__What you should do__.
Set the data down again, exactly as it reads, but without the pictures.

__Provided data__.
☆ ☆ ☆ ☆

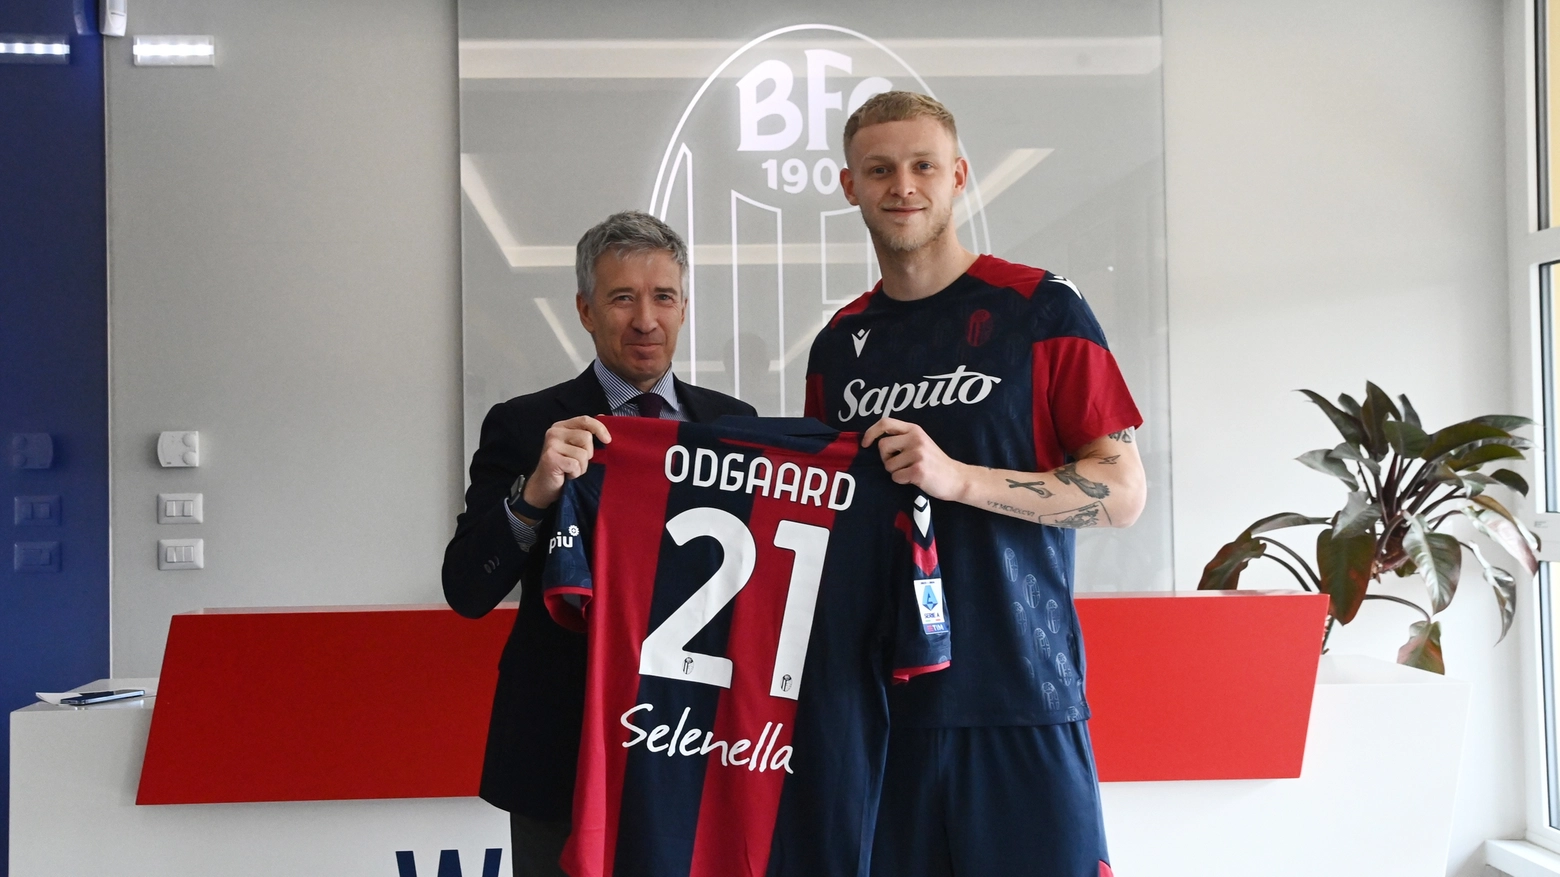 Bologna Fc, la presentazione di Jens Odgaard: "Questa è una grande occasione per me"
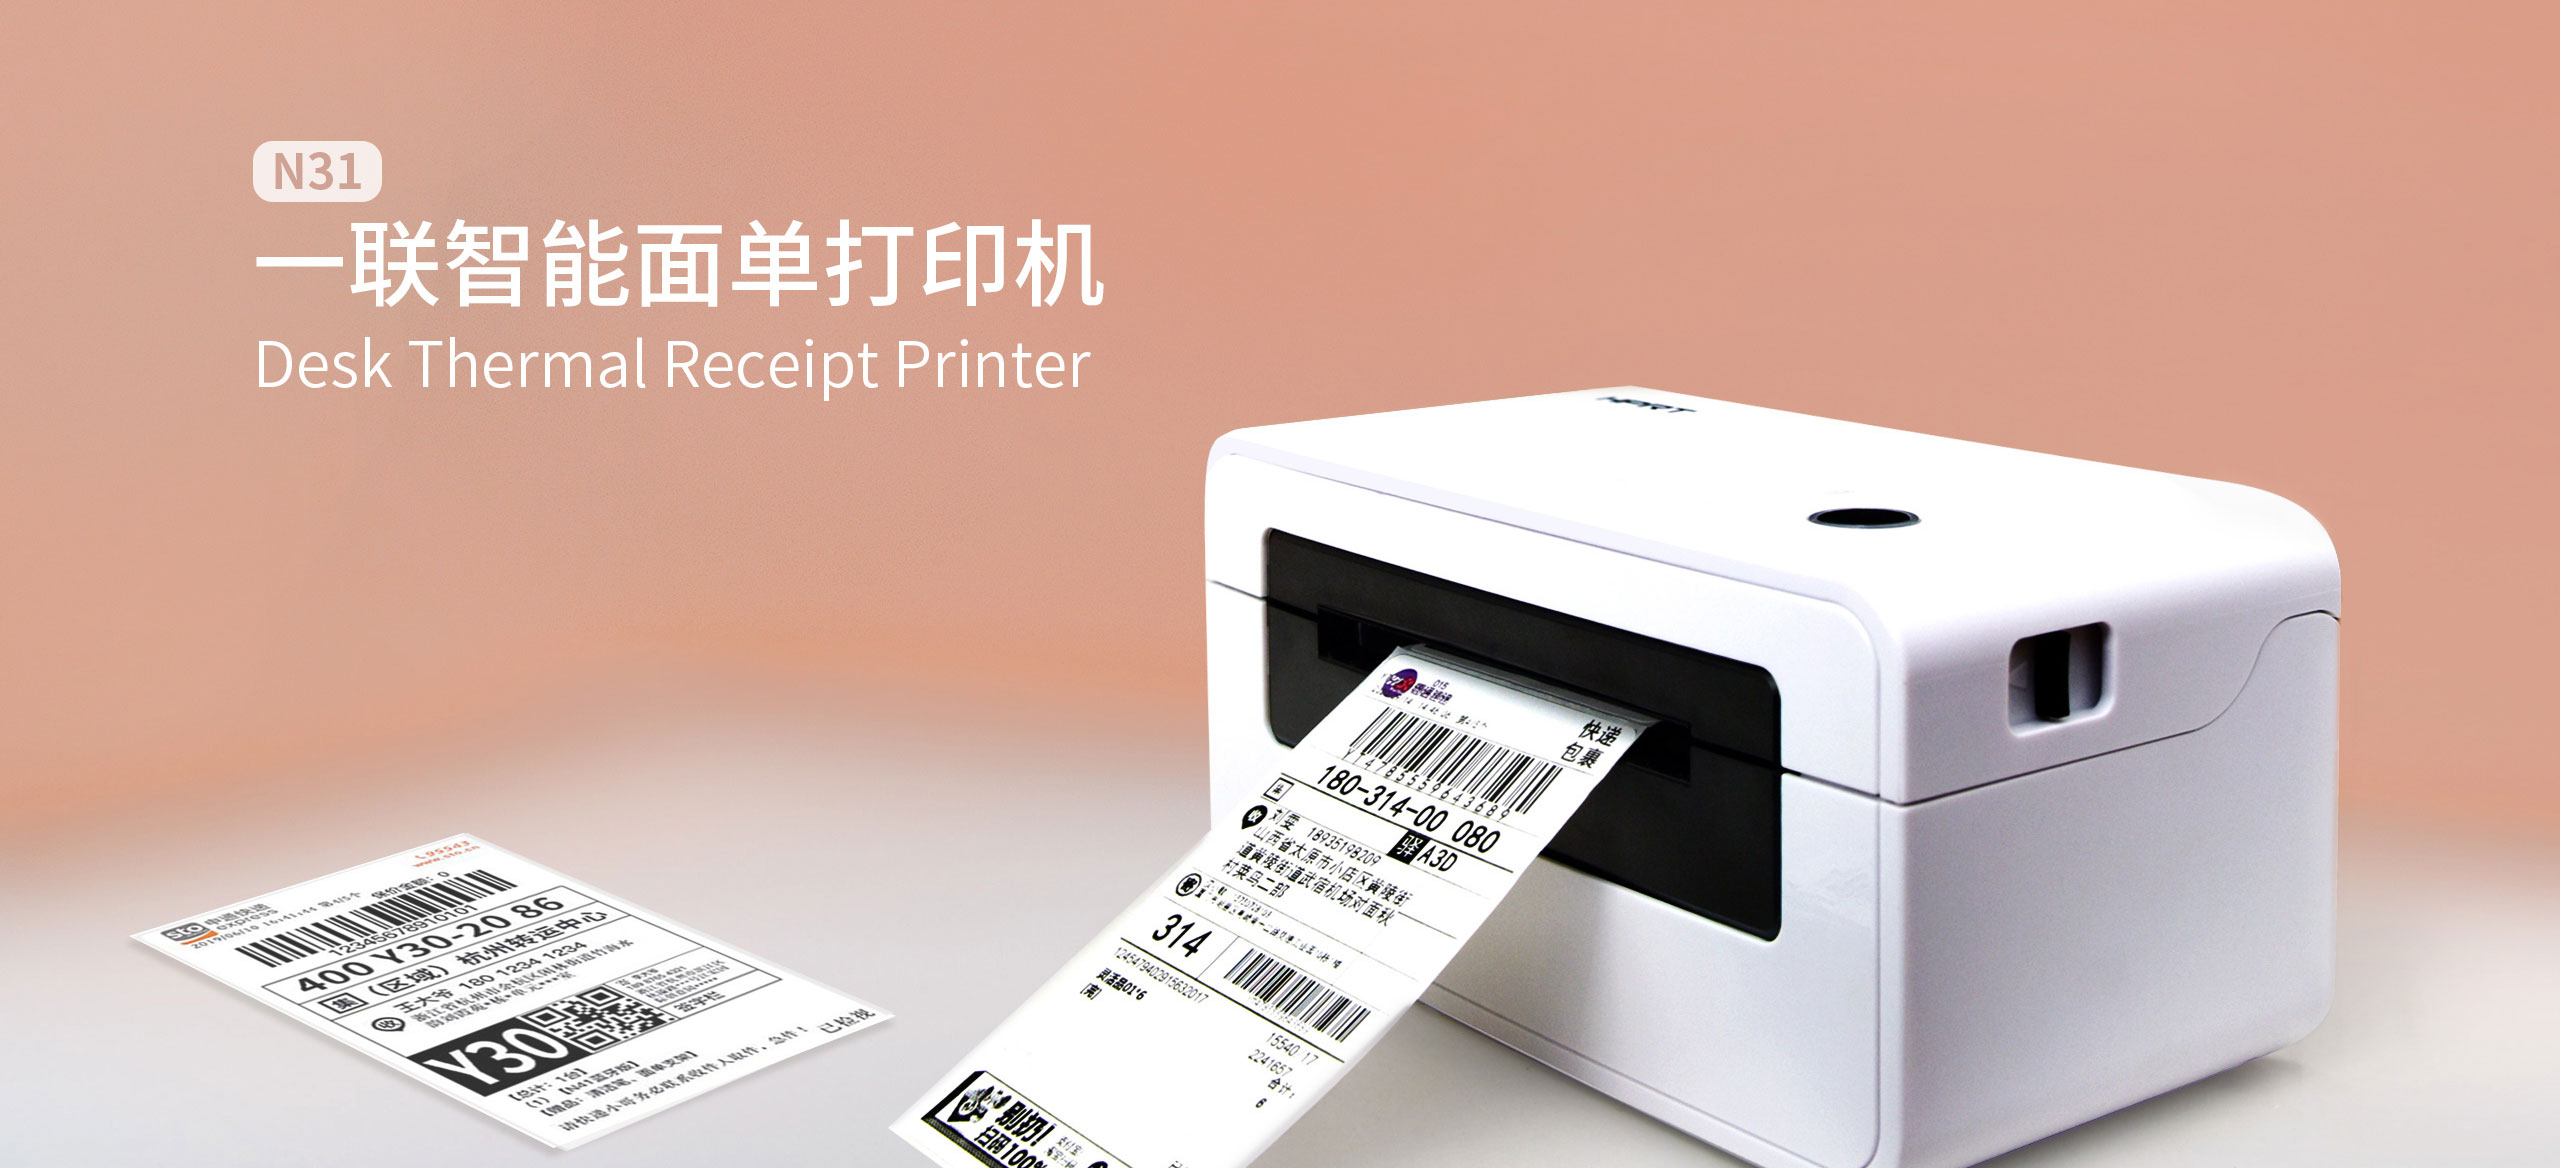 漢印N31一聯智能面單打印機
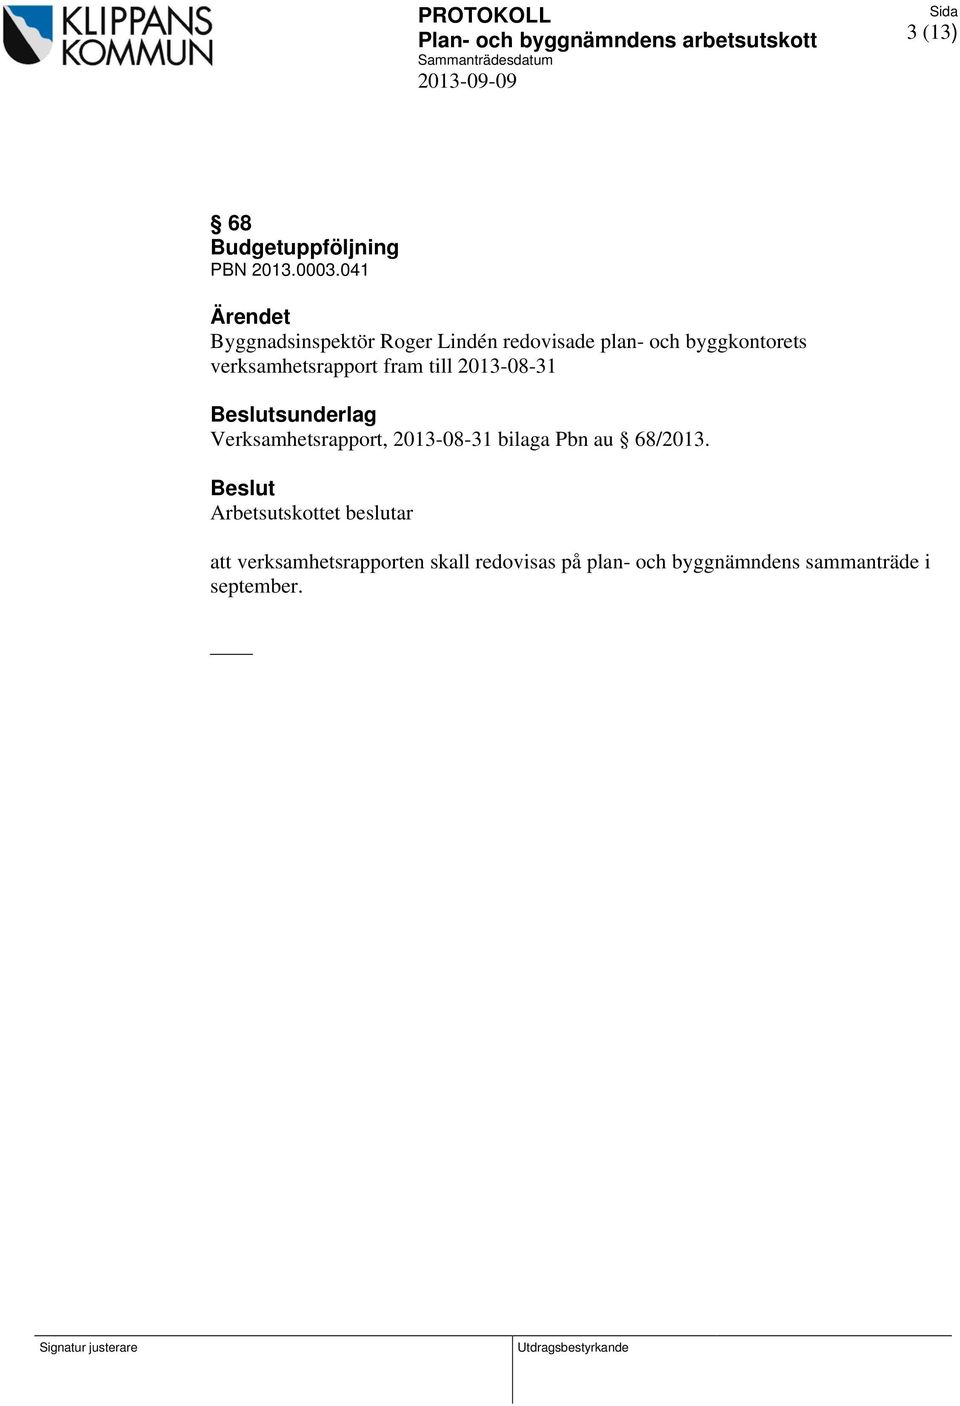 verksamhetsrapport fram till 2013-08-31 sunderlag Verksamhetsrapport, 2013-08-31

☆ ☆ ☆ ☆

__Problem solution__.
 Bologna Fc, la presentazione di Jens Odgaard: "Questa è una grande occasione per me"
 漢印N31一聯智能面單打印機
 verksamhetsrapport fram till 2013-08-31 sunderlag Verksamhetsrapport, 2013-08-31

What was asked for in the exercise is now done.